I was, as before, caught up in the tenderness of your love for your pops, Georgia. That blog title, alone, says much. The smell of metal and sweat will always remind me of my dad because he was a welder. Scents carry more memory for me than anything else. The sound of jazz (especially of Ellington) paired with sawdust is a fine tribute. Keep a stiff upper life today. Those photographs of your family singing deserve it. Much love to you and yours. And I'm always wishing you well. Kiddo with a K. :)
p.s. these shots are grey and perfect. love them. thoughts of you going on and on... :)
Even though I didn't know him, never met him, talked with him or shook his hand, I know was an amazing man. His legacy lives on in you and the love you hold in your heart, and that love shines through here. Your blog memorial is yet another testament to the man he was, and the woman you are.
So even though I didn't have the pleasure to know your papa, I grieve with you at this anniversary of his passing. But also celebrate with you because of where he is now. He's playing his jazz for his Savior, and what an amazing thing that must be! And all those things you want to say to him, you will. :-)
Praise God for your papa!
What a beautiful post. Everyone should be so blessed to have such a great father. My thoughts are with you. I'll take a look at the other blog...
awww, miss georgia. this is lovely. i cannot even imagine. it is good that you can remember him. he seems like he was a wonderful man. and your memorial blog for him is beautiful. i love it.
:) you've brought me close to tears today. in a good way, you know.
I'm so sorry. But it's lovely that you are celebrating him!
beautiful post.beautiful shots. the way i see it is that the best way to honour our lost ones is to fill our life with beautiful people and things.
xxx
big hug Georgia! I'll be checking this out when I have more time... "The sound of jazz, the smell of sawdust"--such vivid images flash through my mind... I love this series of photos. And your words reveal and inspire. Blessings,
Elizabeth
i cry with you. i laugh with you. i remember with you. i long with you. i hope for eternity with you my g...
Georgia, I had no idea your dad had passed away. I am so sorry. I am in the same "boat", if you will, and it's not always smooth sailing.

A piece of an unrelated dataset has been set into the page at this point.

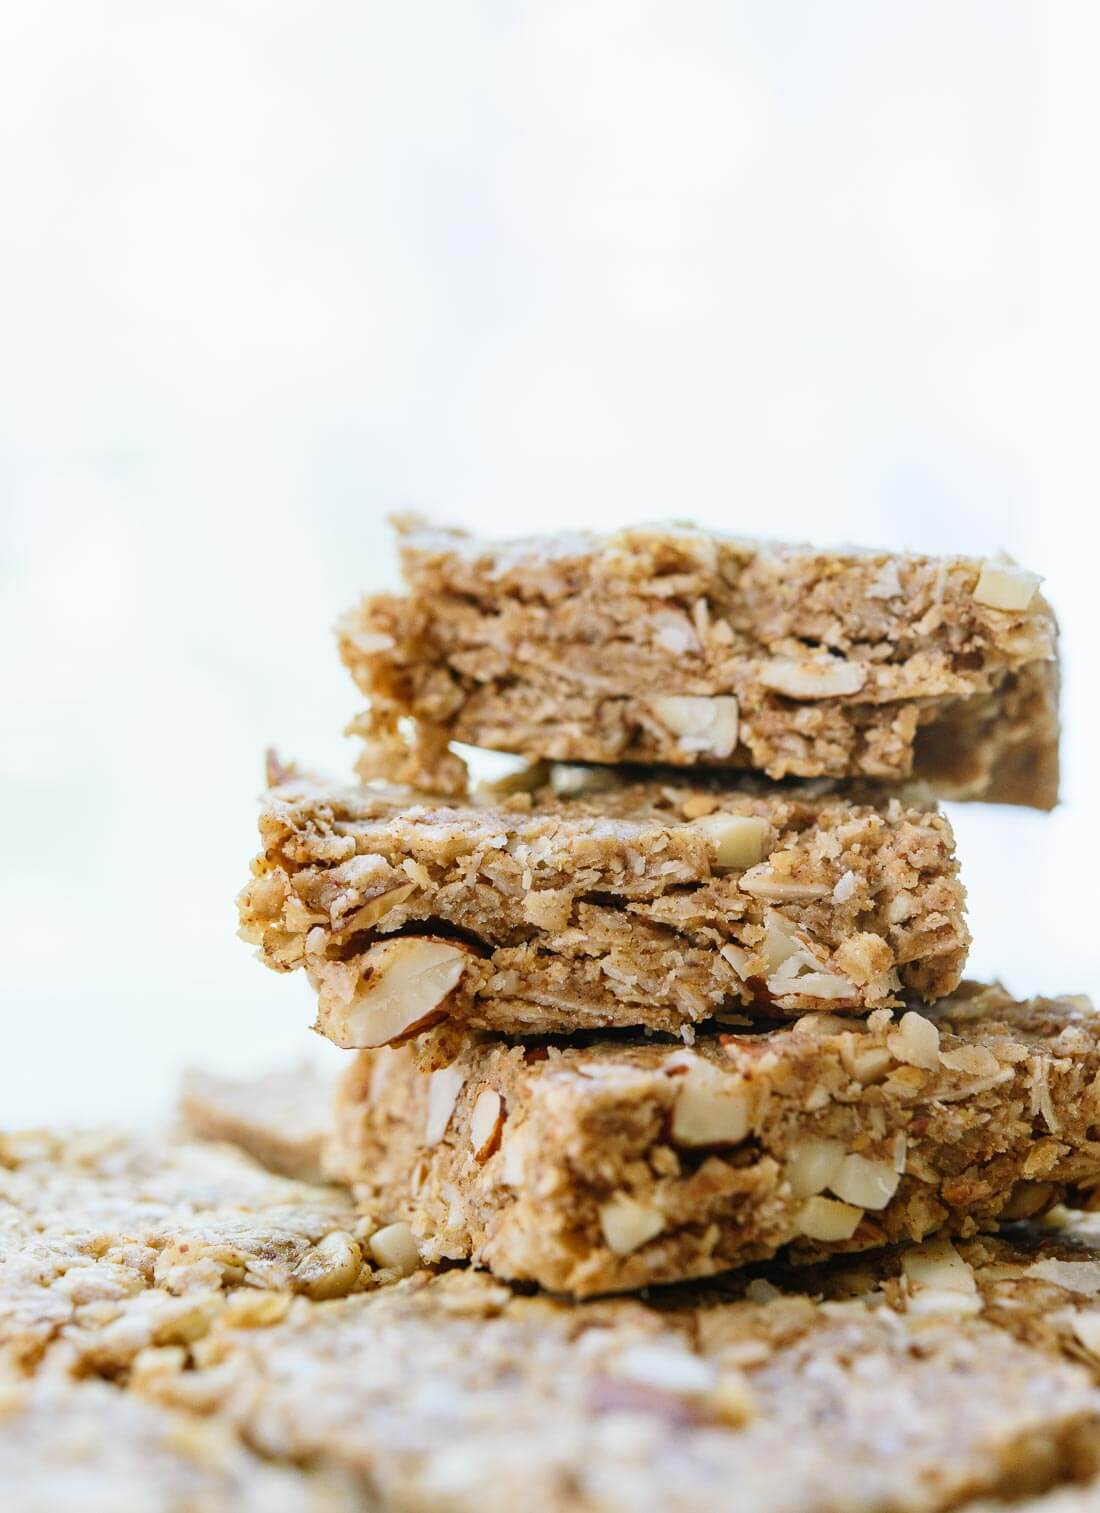 This amazing granola bar recipe is so easy and delicious! cookieandkate.com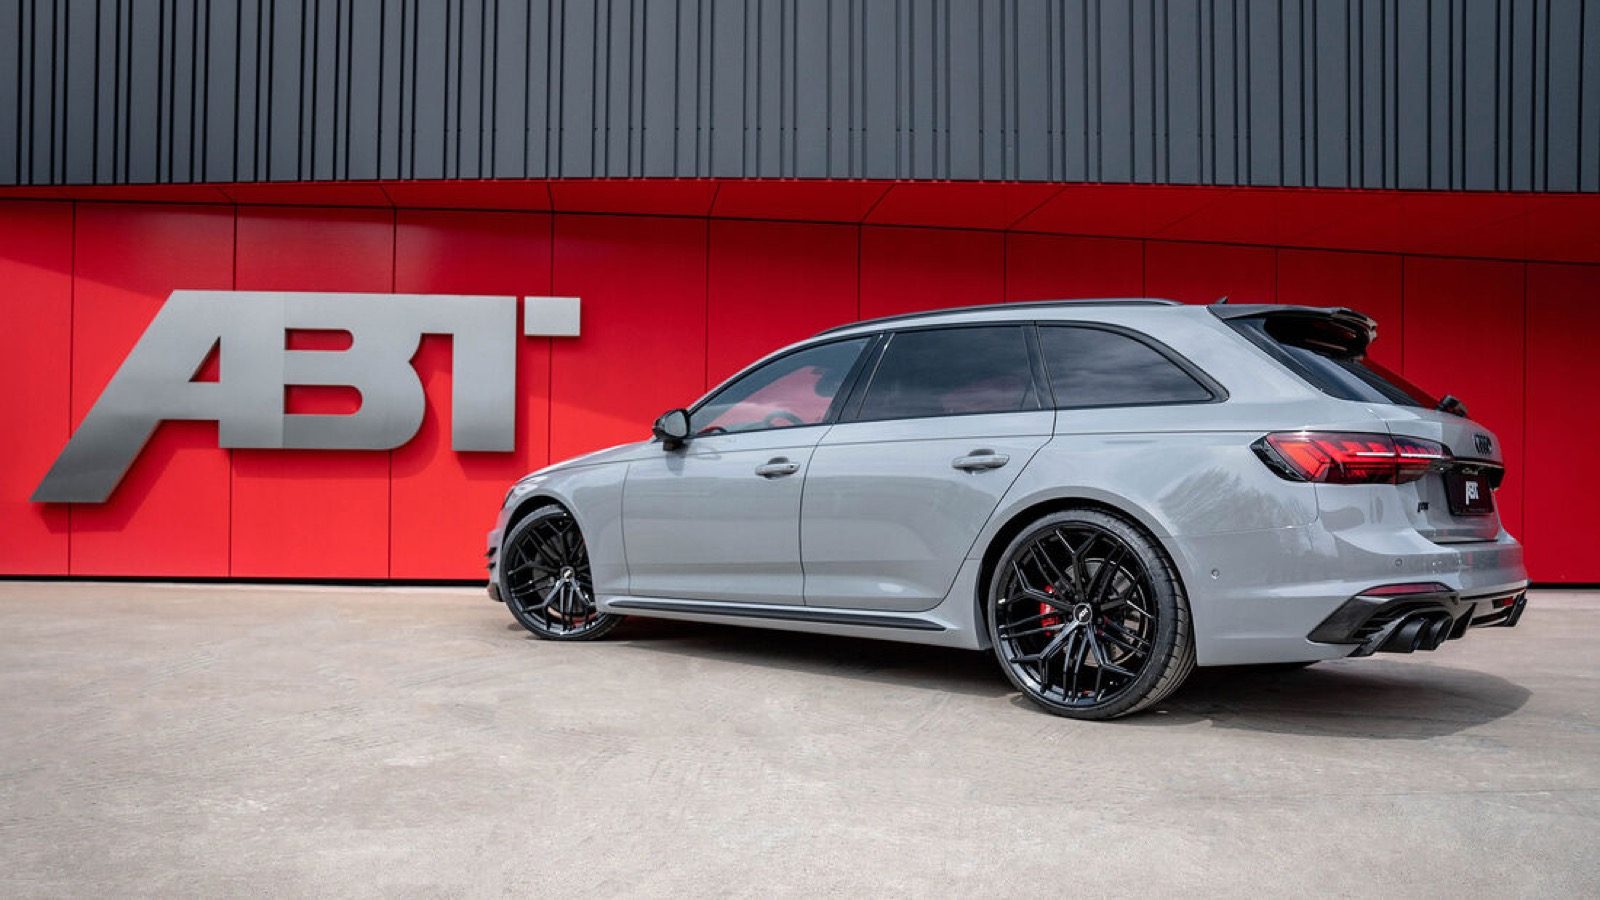 RS4-X

My father passed away in 1999, and my mom in 2006. For some reason, this past few months has been especially difficult. I really miss them.
I am so glad you are sharing your feelings privately as well as publicly. ...This is my opinion, of course, but I think society trains us to keep our sorrow to ourselves; after all, we shouldn't impose our sadness on others. We don't want to make someone else feel sad or bad or, heaven forbid, uncomfortable!
I just talked to a friend who lost her grandfather, and she is devastated. She shared with me that her mother told her not to cry in front of her own children; that they need to see her strong, not grieving. I told her that her children need to see their mom grieve! If they don't observe healthy grief, they will never know it's okay to break down, to be a sobbing, crying, blubbering mess!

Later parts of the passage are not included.